30 Rock this week continues with the ongoing search for a new TGS cast member, with all three plot lines running in tangent towards this goal. Liz and Pete have finally found someone who they think would be perfect for the show and are determined to get him in. The catch is that Jack has final approval, and they need to send several auditioners in front of him. Their plan is to rig things by making everyone else so lousy that their choice can’t help but get in.
But Jenna’s still annoyed that they’d even get another cast member, especially when she learns that he made fun of her previously when they were working on what appears to be a middle-school play. This plotline rises above the “Jenna is jealous of Pete” standard because she enlists Tracy in her effort by, well … Tracy’s not the kind of guy who needs a lot of convincing. But Grizz hears about this and due to his previously unmentioned theater skills, at least so far as I can recall, he wants in.

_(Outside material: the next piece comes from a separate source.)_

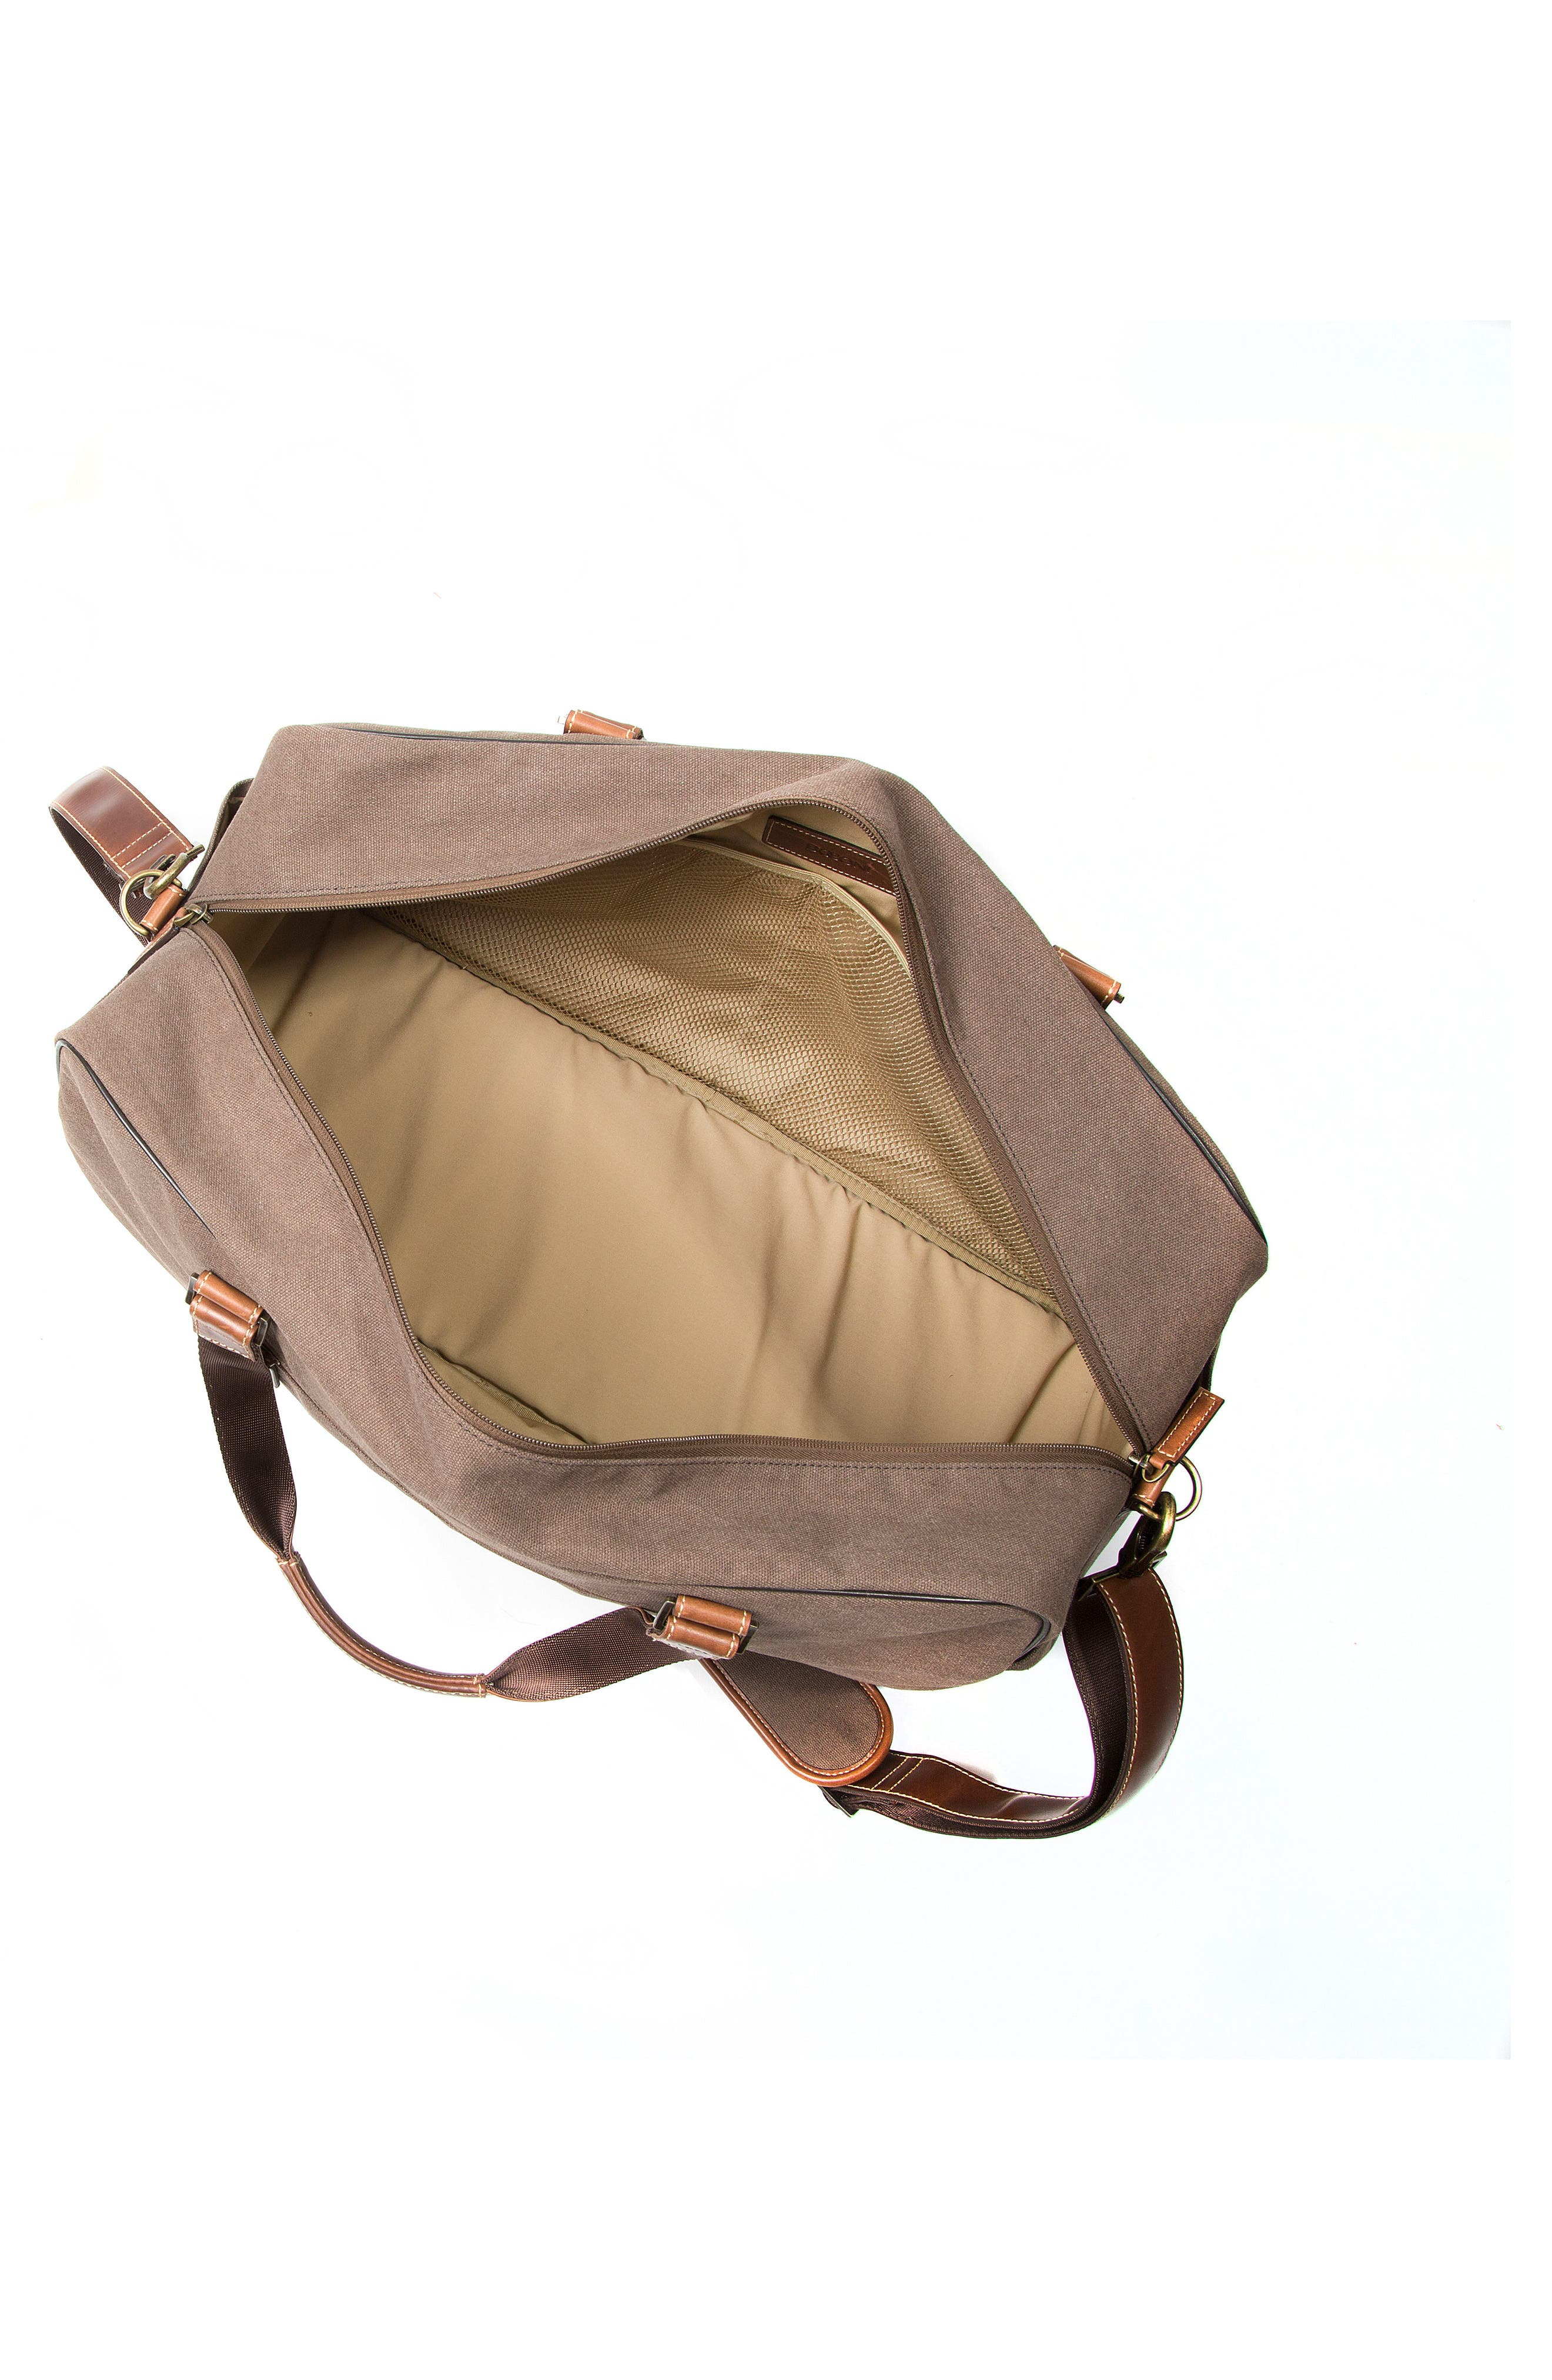 Bryant LTE Getaway Duffel Bag,                             Alternate thumbnail 3, color,                             Antique Mahogany/ Brown

Everyone else hears about it, which causes everyone from Frank to the janitor to audition. Meanwhile Tracy and Jenna are out on the streets gathering up whoever they can find to also join in. The result is a huge mess, and by the time Brian Williams enters you can tell things are going far into the realm of ridiculousness, in a good way. When Fey’s pick enters, he’s immediately rammed by Kathy Geiss, also there for an audition, and things only go downhill from there when Jack, Tina, and Pete need to watch a bunch of auditions.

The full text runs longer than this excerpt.